= Lower critical solution temperature =

Temperature below which components of a mixture are miscible

The lower critical solution temperature (LCST) or lower consolute temperature is the critical temperature below which the components of a mixture are miscible in all proportions. The word lower indicates that the LCST is a lower bound to a temperature interval of partial miscibility, or miscibility for certain compositions only.

The phase behavior of polymer solutions is an important property involved in the development and design of most polymer-related processes. Partially miscible polymer solutions often exhibit two solubility boundaries, the upper critical solution temperature (UCST) and the LCST, both of which depend on the molar mass and the pressure. At temperatures below LCST, the system is completely miscible in all proportions, whereas above LCST partial liquid miscibility occurs.
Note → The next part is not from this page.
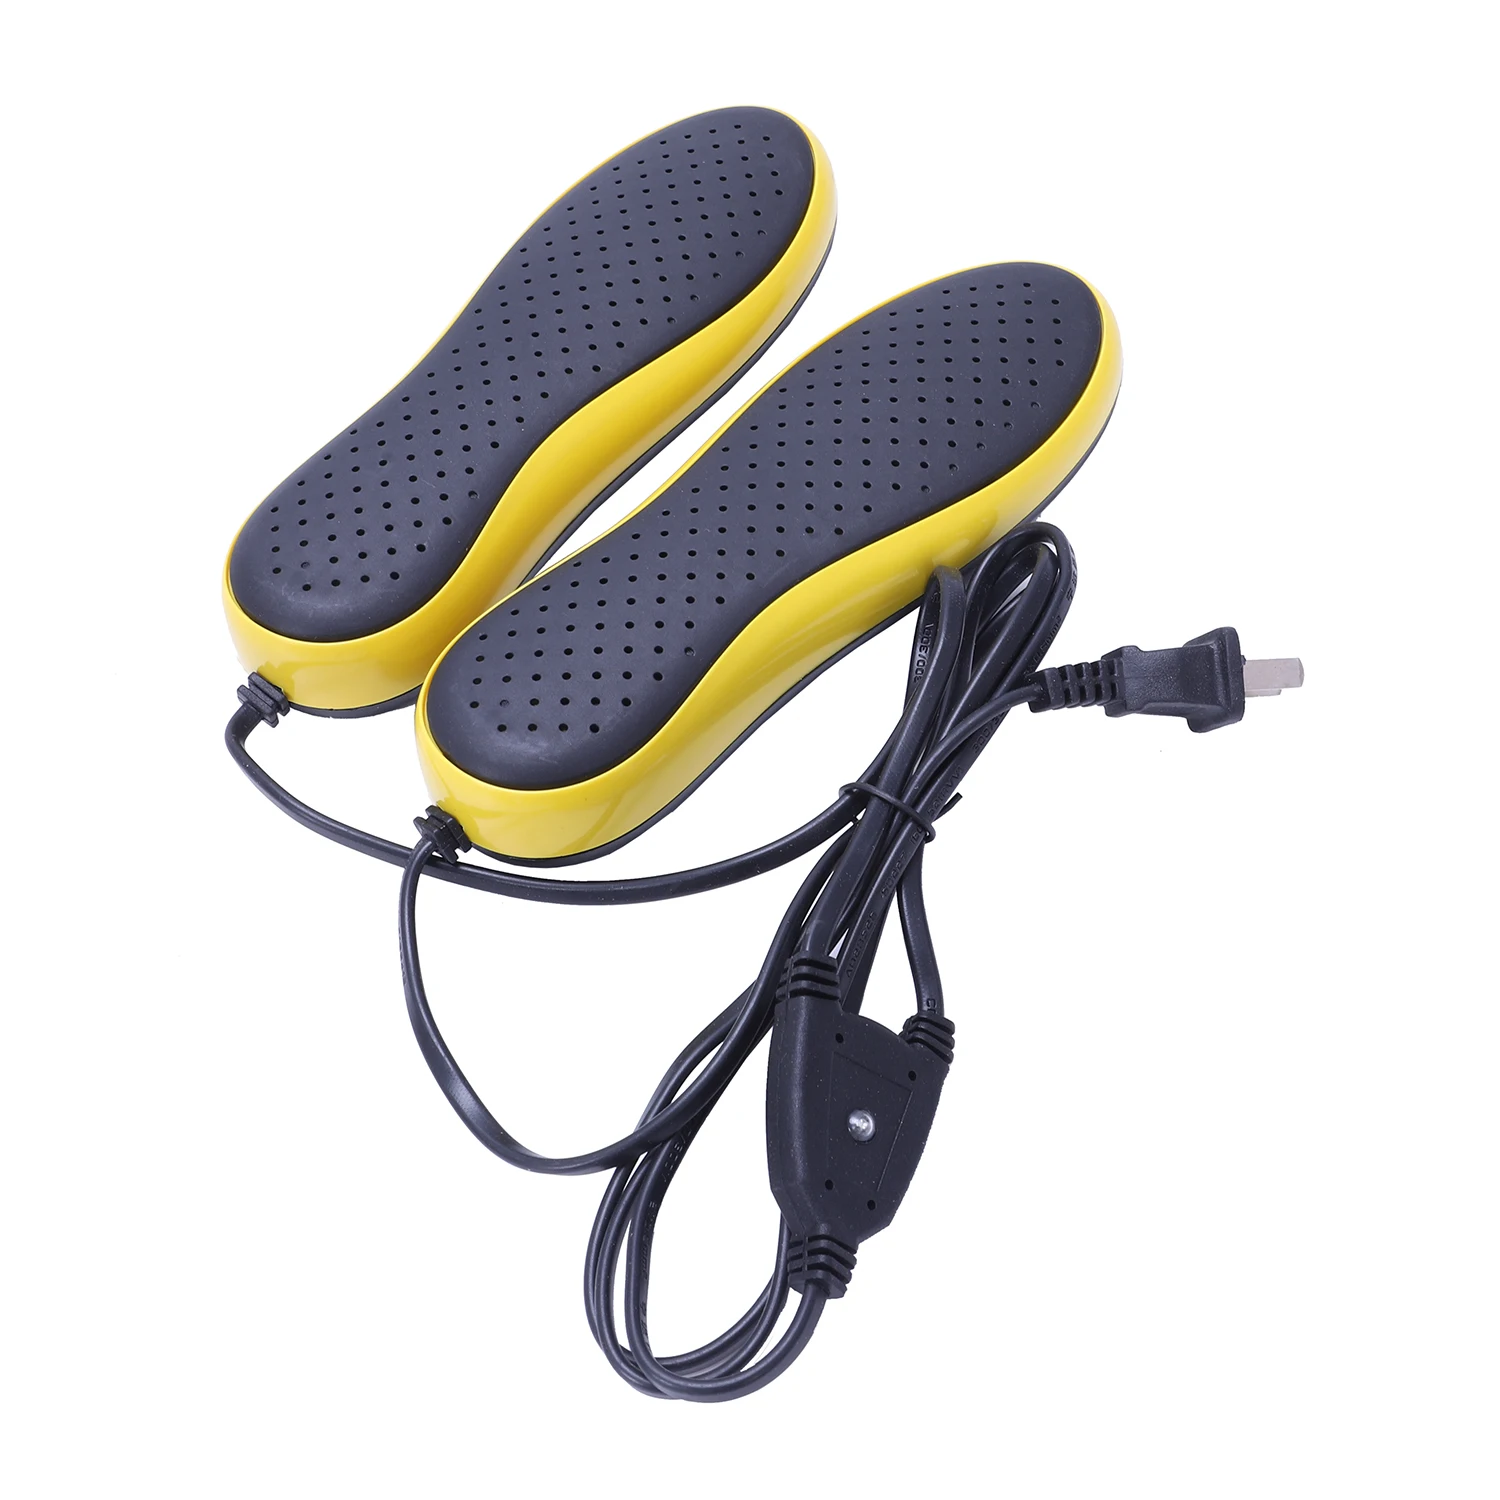 Портативная электрическая сушилка для обуви 220V осушитель Стерилизации Осушитель обуви запеченная сушилка для обуви 20W(вилка США
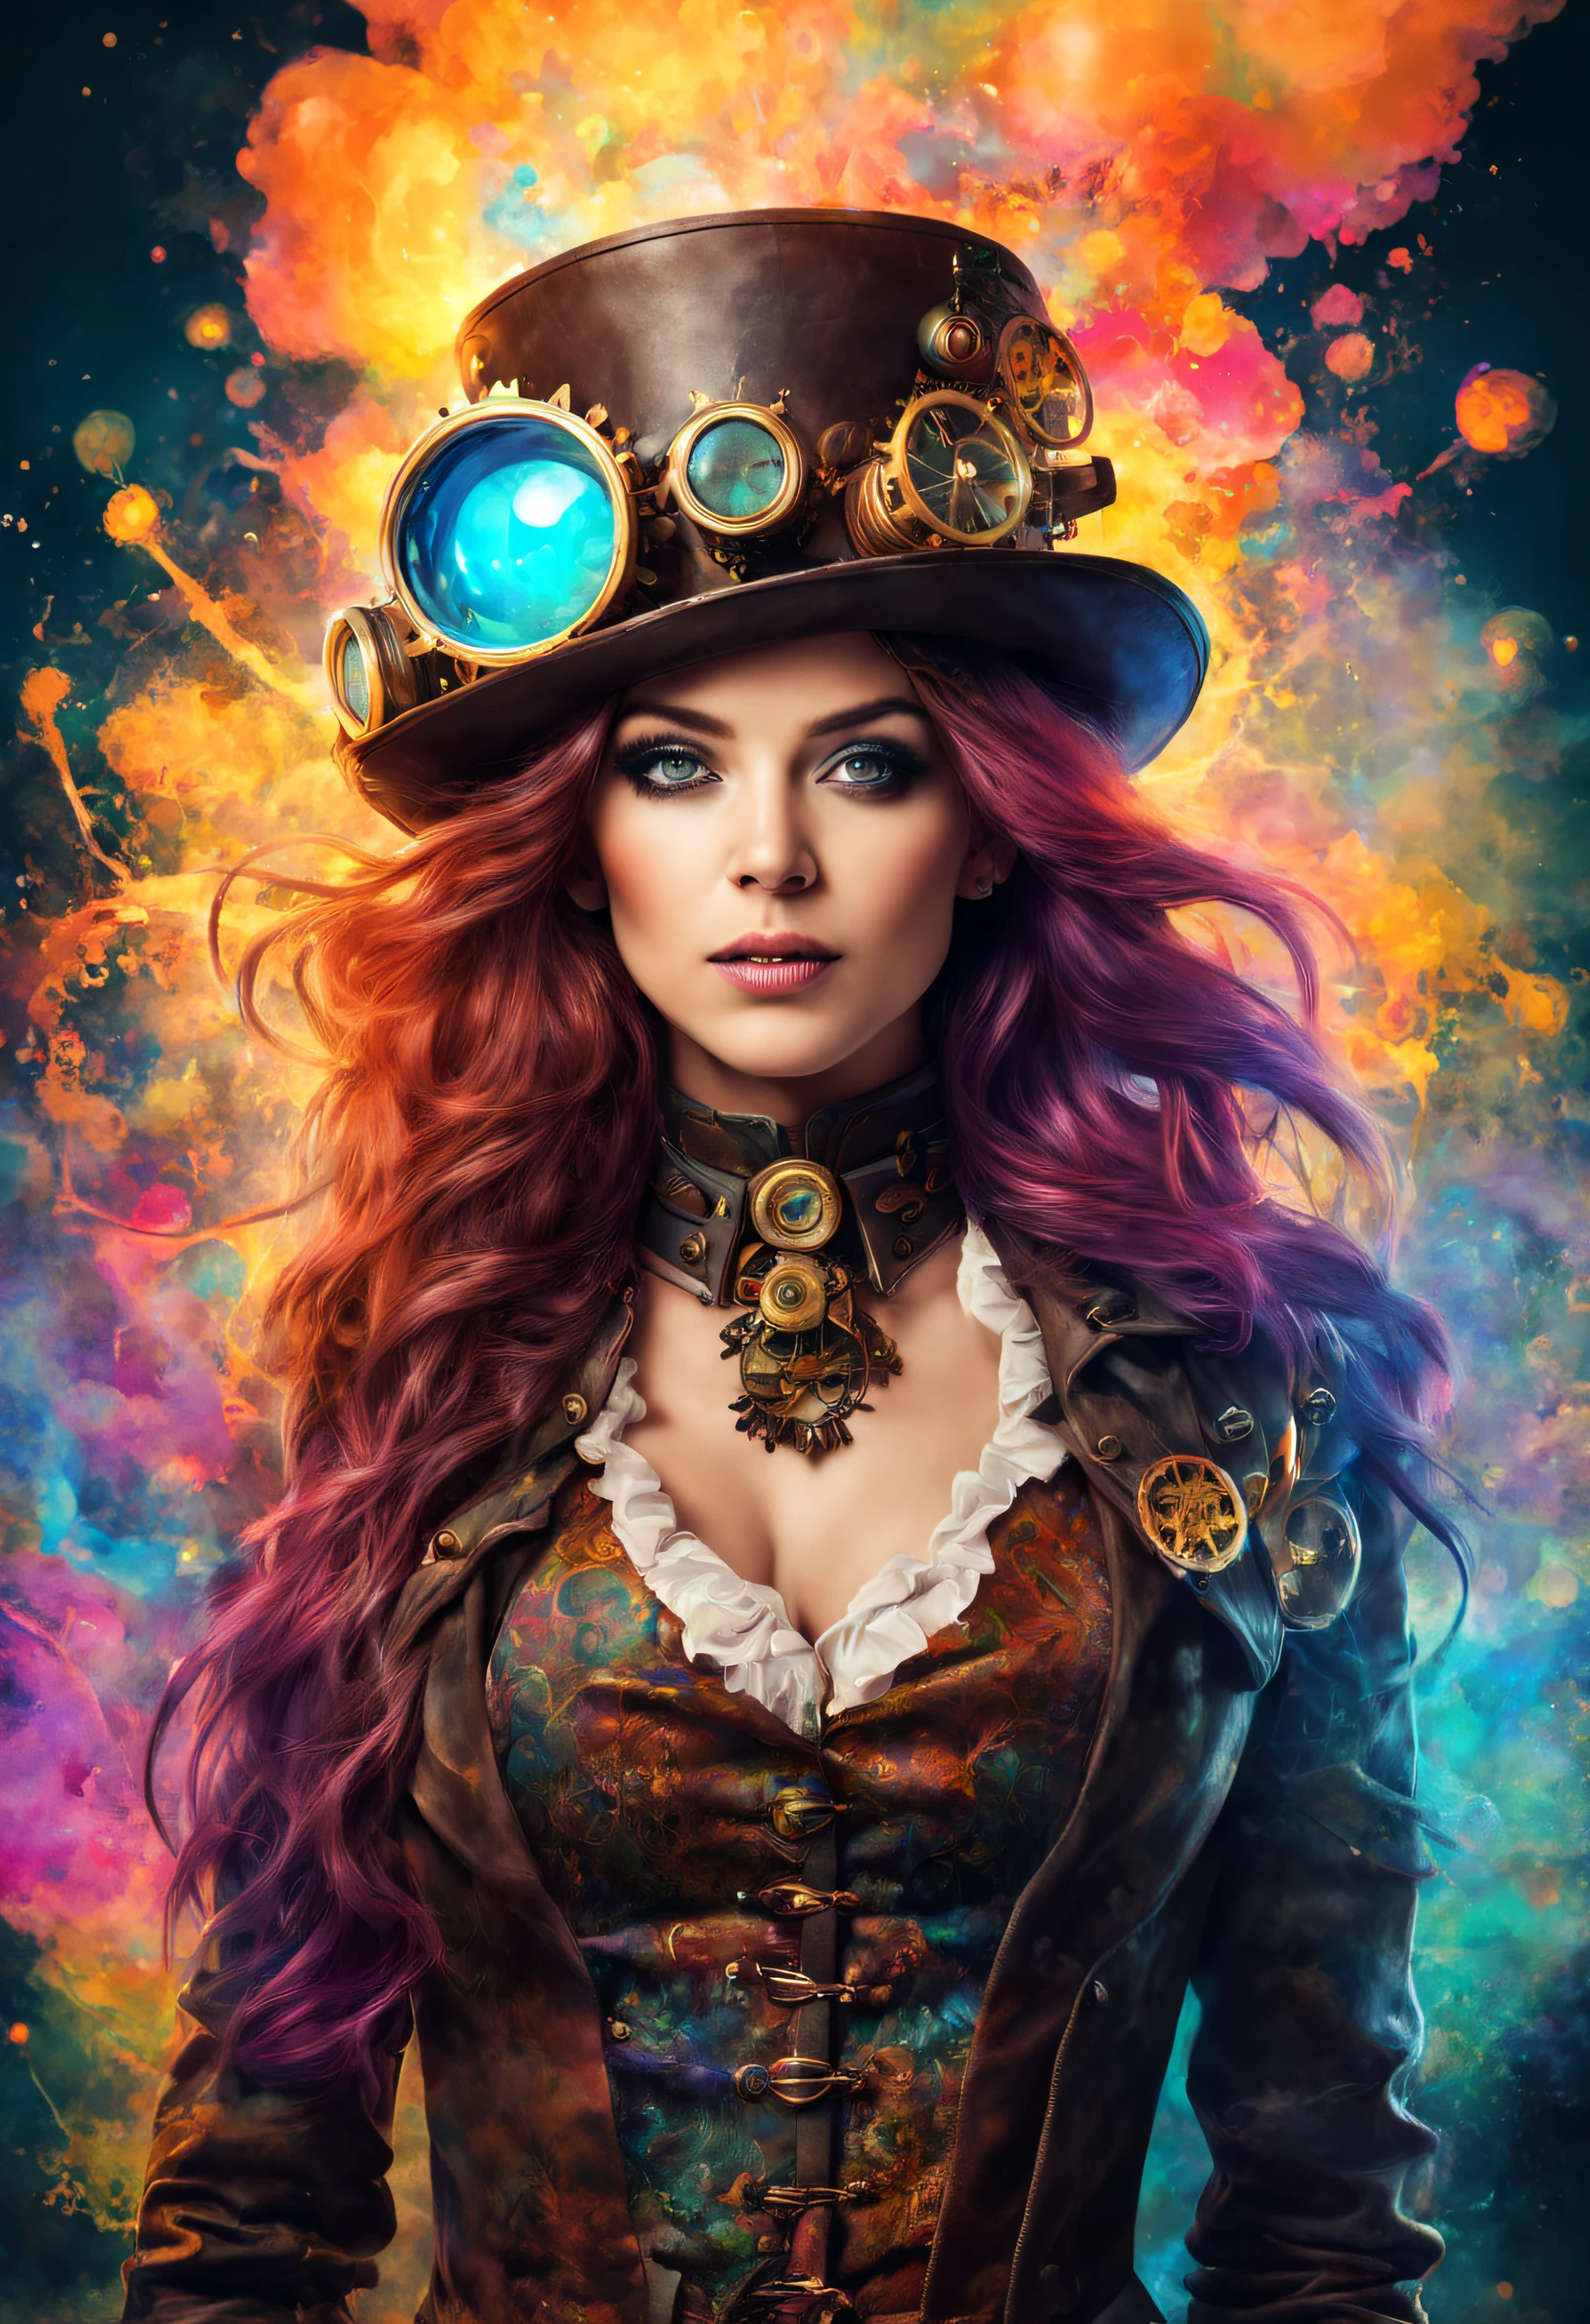 Um lindo retrato de mulheres steampunk e psicodélicas com lindas cores e no fundo explosões de água de cores misturadas

In the phase diagram of the mixture components, the LCST is the shared minimum of the concave up spinodal and binodal (or coexistence) curves. It is in general pressure dependent, increasing as a function of increased pressure.

For small molecules, the existence of an LCST is much less common than the existence of an upper critical solution temperature (UCST), but some cases do exist. For example, the system triethylamine-water has an LCST of 19 °C, so that these two substances are miscible in all proportions below 19 °C but not at higher temperatures. The nicotine-water system has an LCST of 61 °C, and also a UCST of 210 °C at pressures high enough for liquid water to exist at that temperature. The components are therefore miscible in all proportions below 61 °C and above 210 °C (at high pressure), and partially miscible in the interval from 61 to 210 °C.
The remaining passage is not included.